I have not followed the Scooter Libby/Valerie Plame saga closely enough to render a fully informed and considered judgment on President Bush’s decision to commute Libby’s 30-month prison term for his four felony convictions. Not that I don’t have an opinion, mind you, but I won’t claim that it rises to the level of a fully informed and considered judgment.
Today’s opinion pieces in the three national newspapers that I try to follow aren’t much help. They remind me of Goldilocks’ opinion as to the 3 bears’ chairs – one is too hard, one is too soft, and one is somewhere in between.
According to the Wall Street Journal, Bush should have granted Scooter Libby a full pardon and was “evading responsibility” by not doing so. A pardon certainly would have been consistent with the hard-right conservative viewpoint. However, I wonder whether the likes of Limbaugh and Coulter will be able to grasp fully the fact that the WSJ argues for a pardon not because of Libby’s innocence, but because of the White House’s complicity in the affair.
On the other extreme was the New York Times, asserting that Bush’s decision to commute Libby’s sentence was a “baldly political act” aimed at “mollifying the tiny slice of right-wing Americans left in his political base.” ‘Nuff said there.
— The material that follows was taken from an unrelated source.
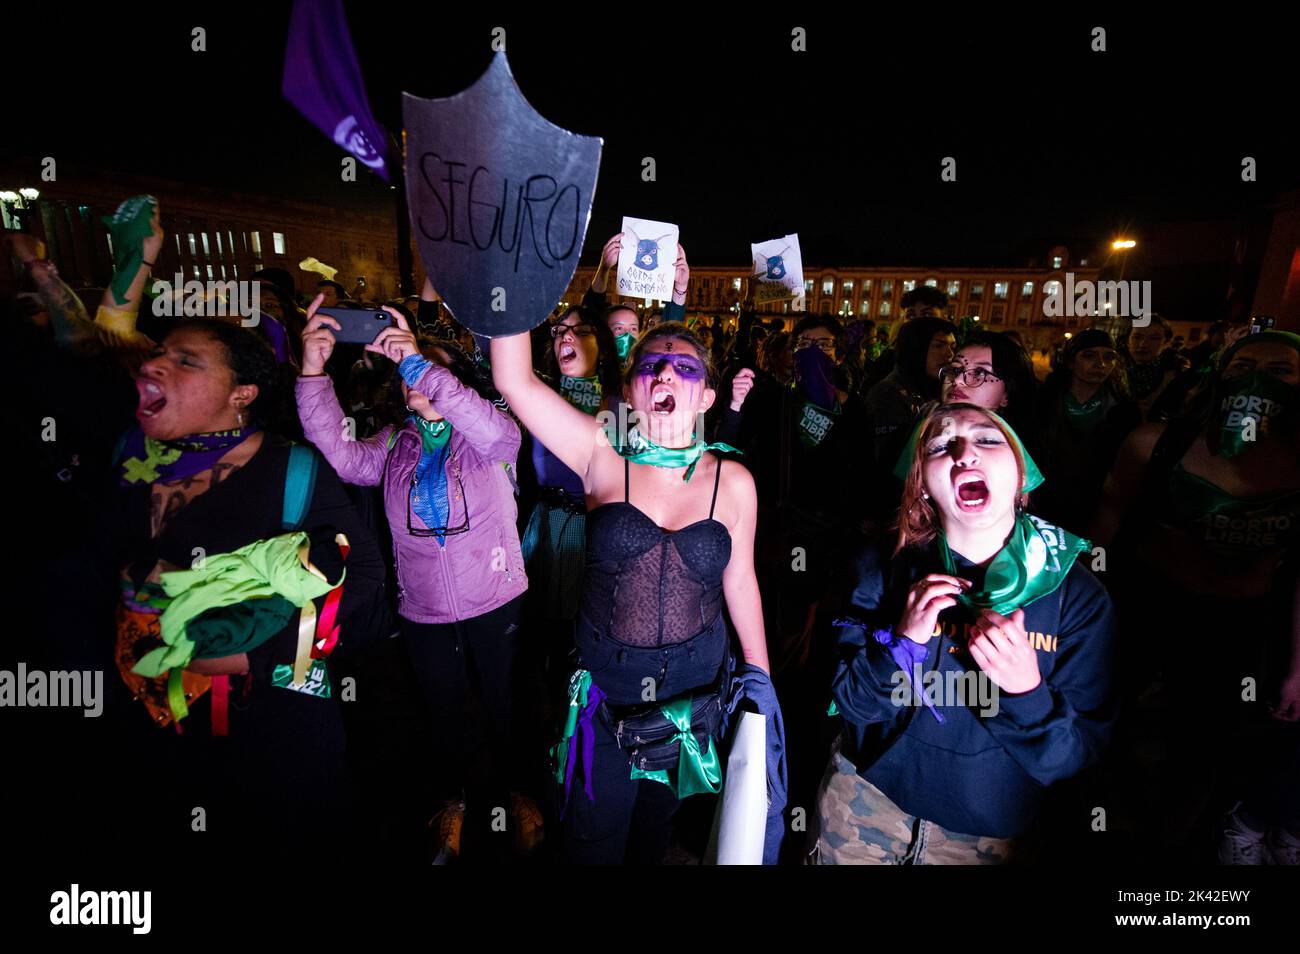 Demonstrators hold pro-choice signs and flags during the International Day for the Remembrance of the Slave Trade and its Abolition demonstrations in Stock Photo

Wandering around somewhere in the middle we find the Washington Post. It suggests that Bush was on the right track with his decision, as a pardon “would have been inappropriate and … the prison sentence of 30 months was excessive.” In the end, though, the Post concludes that Bush’s decision to commute the full commutation too lenient. Not too hard, not too soft….
President Bush doesn’t (and shouldn’t) make his decisions by reading newspaper opinion pieces. Indeed, some might argue that he doesn’t make his decisions with the benefit of having read anything at all. However, for the rest of us who are trying to sort out the various issues by absorbing opinion pieces as well as factual data, this is a classic example of how dangerous it is to get all of one’s news from a single source. They can’t all be right.